With Excel you can not only fit a linear trend line to the data, you can extend the trend some number of periods forward or backward thus giving you a good look at the projected values. This picture looks safe and secure. If only reality was always so tractable. Here's what actually happened after week 130.

 

After week 130, the system appears to have entered a period of instability or chaos. Without the rest of the data, we would have been led astray by our assumption that the past would be a good indicator of the future.

I deliberately hid part of the data to stress this very grand assumption.

Now what would you do with the complete set of data? If you try a linear fit, an exponential fit, or even a polynomial fit with Excel, none of them seem too enticing. (Remember the polynomial fit with the RIOC data from the March article?) What to do?

There is in fact an advanced technique not offered by Excel called Time Series Analysis (or Box-Jenkins analysis) which handles data such as this. Most often it is not something that one tackles by one self. One applies a commercial package like the Time Series package under SAS or the AGSS package under APL2. Using the AGSS package one can produce a result as follows.

All time series packages, although relatively easy to use, require some sophistication and care. But as you can see, the resulting prediction does go in the expected direction.

The bounding lines indicate the confidence interval of the prediction. This is nice with a sophisticated package. As with any prediction, the confidence of the prediction is important. However, here it looks good.

What would you have done without the supporting package? Well up to week 130 you could have made a good prediction with a PLFF. A Portable Linear Fit Function. What's that? A pencil is a PLFF. Lay a pencil on the graph and it would look good as a predictor. Use a thicker pencil for a confidence interval.

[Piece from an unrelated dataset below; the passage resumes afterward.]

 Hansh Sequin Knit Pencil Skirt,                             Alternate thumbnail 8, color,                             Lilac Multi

For the periods after week 130, roll the pencil up the graph to assume that the periods after the chaotic periods would trend as the past. (Call it a linear transformation.) And again, it doesn't look too bad.

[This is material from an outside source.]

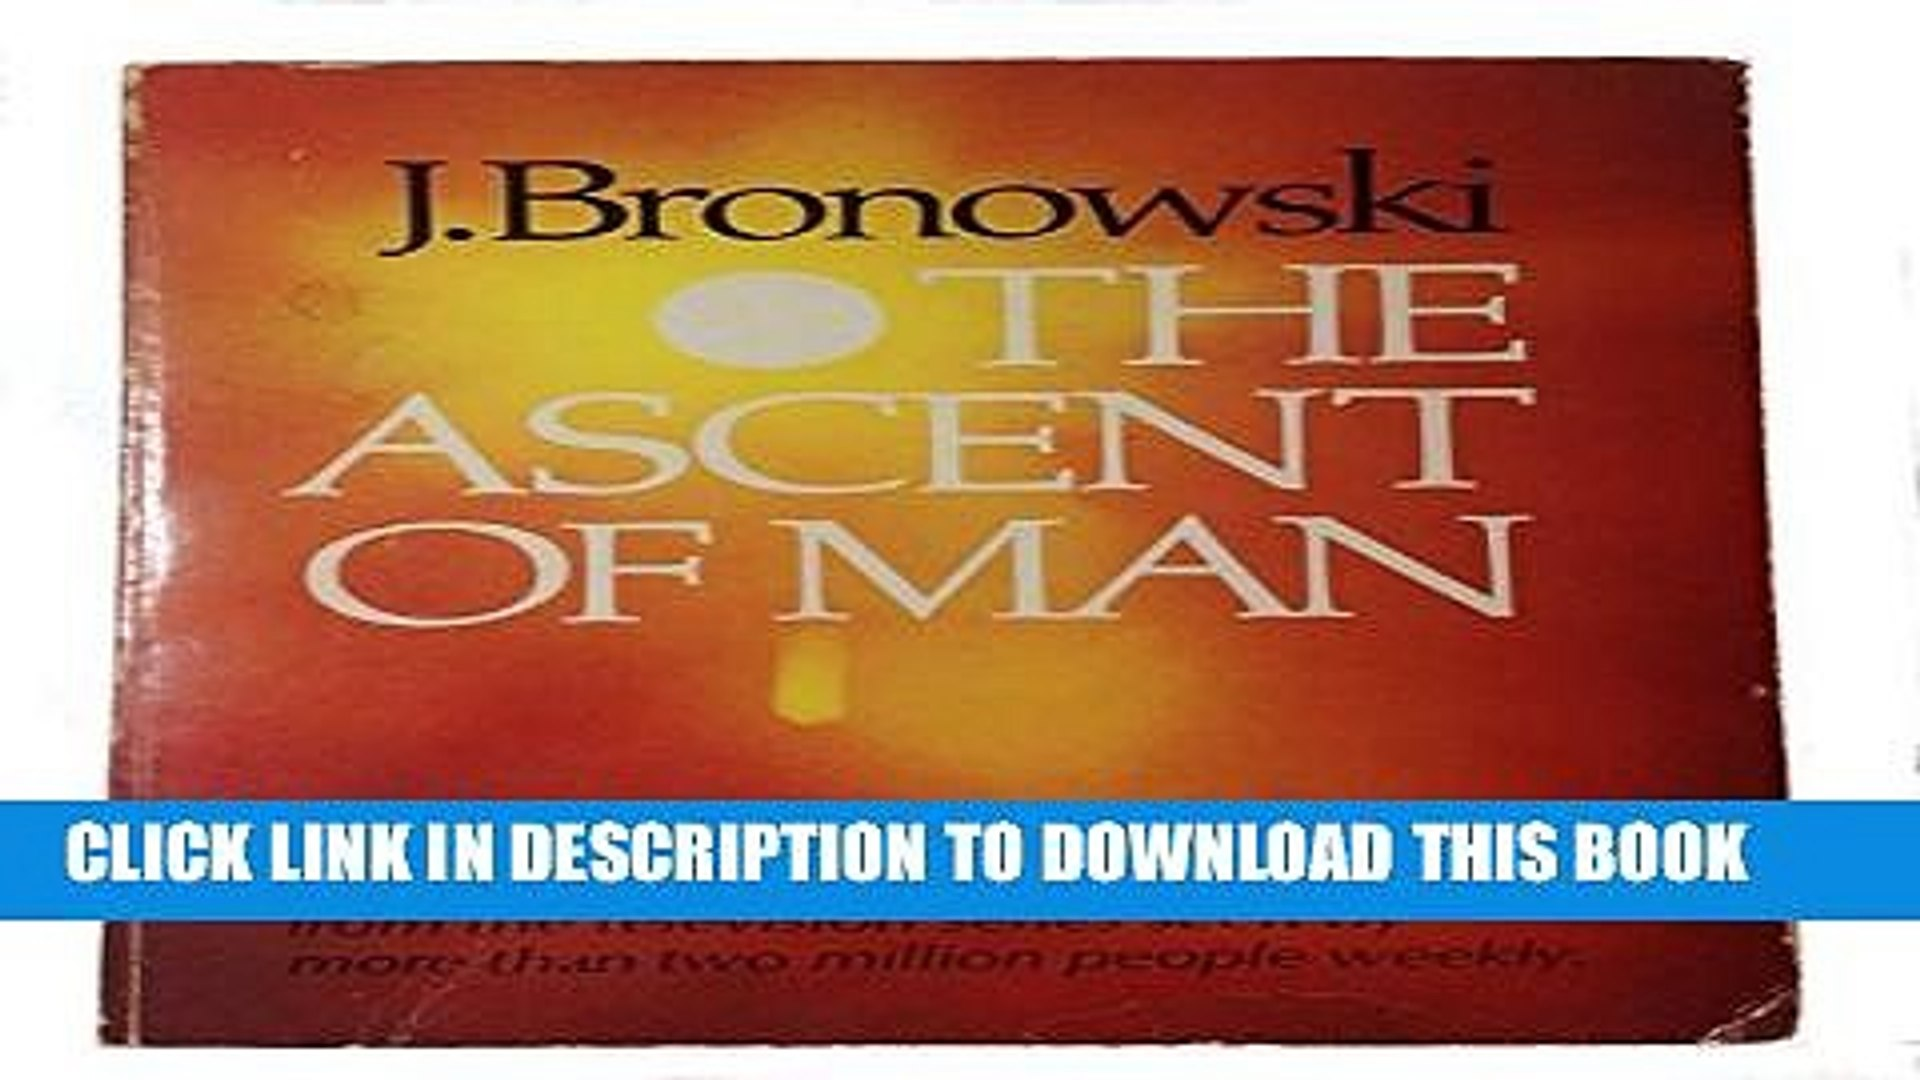 Bronowski Ascent Of Man Pdf

Notice that the use of a PLFF comes close to the time series analysis. But we expected that. Our visual expectations (PS) have been ratified by the conceptual structure (CS) once again. Both help to check one another.

In summary, here are the steps to use in doing trending analysis.

  1. Select a variable for the trending study. For CP, it is usually a common resource in the data model such as CPU% or MIPS used.
  2. Choose appropriate sample, most often a series of business interest periods.
  3. Verify workload composition. Make sure the samples have the expected workloads present.
  4. Choose description. Three of the most common are average, 90th percentile or maximum.
  5. Collect samples by the business period.
  6. Fit Data with a regression analysis (or time series).
  7. Make a projection out a reasonable number of periods.
  8. And(!), track the results to gain confidence. Did it go as expected?

Summary

The alternatives for capacity planning vary from using rules of thumb to running a benchmark.

Rules of Thumbs (ROTS) are often quite adequate for CP. Here one would apply a simple rule which would say that the CPU% limit for quality work (overall CPU% - discretionary CPU%) is about 90%. Once the growth shows that the Q-Work is over 90% you have to do something.

ROTS are also useful for a health check as we shall see.



System Configuration Health Check

We live our lives with rules of thumb.

  • Honor your Father & Mother
  • Do unto others as you would have them do unto you.
  • Do unto others before they do unto you.
  • Keep your CPU%<90%
  • Don't swim soon after eating.
  • It is better to give than receive.

Most rules of thumb we live by never questioning their veracity. In IT we need some idea of the veracity and the applicability of a ROT. One way of testing your understanding of any rule is to discover exceptions to the rule. In other words, you understand a rule by trying to break it. Logically it looks like this:

"∀xΦx.≡.~∃y~Φy. This says: For all x, x has property Φ is equivalent to: there does not exist a y that does not have property Φ. Or in order to break a general rule, one has to find one exception.

Here are some observations about Rules.

First and foremost, as Hagar observes (©Reprinted with special Permission of King Features Syndicate), there is a rule about rules: all rules have exceptions (except this one of course).

The rules that follow are guidelines which are valuable for scanning large amounts of data looking for exceptions. If most of the time, we have expectations, our Conceptual Structure or Perceptual Structure ignores expected features. Exceptions attract our attention.

Rules usually apply for ordinary situations. In IT, most rules are made for the ordinary circumstance. An acceptable response time is one defined for ordinary loading rates. In an emergency overload circumstance, the rules or expectations change.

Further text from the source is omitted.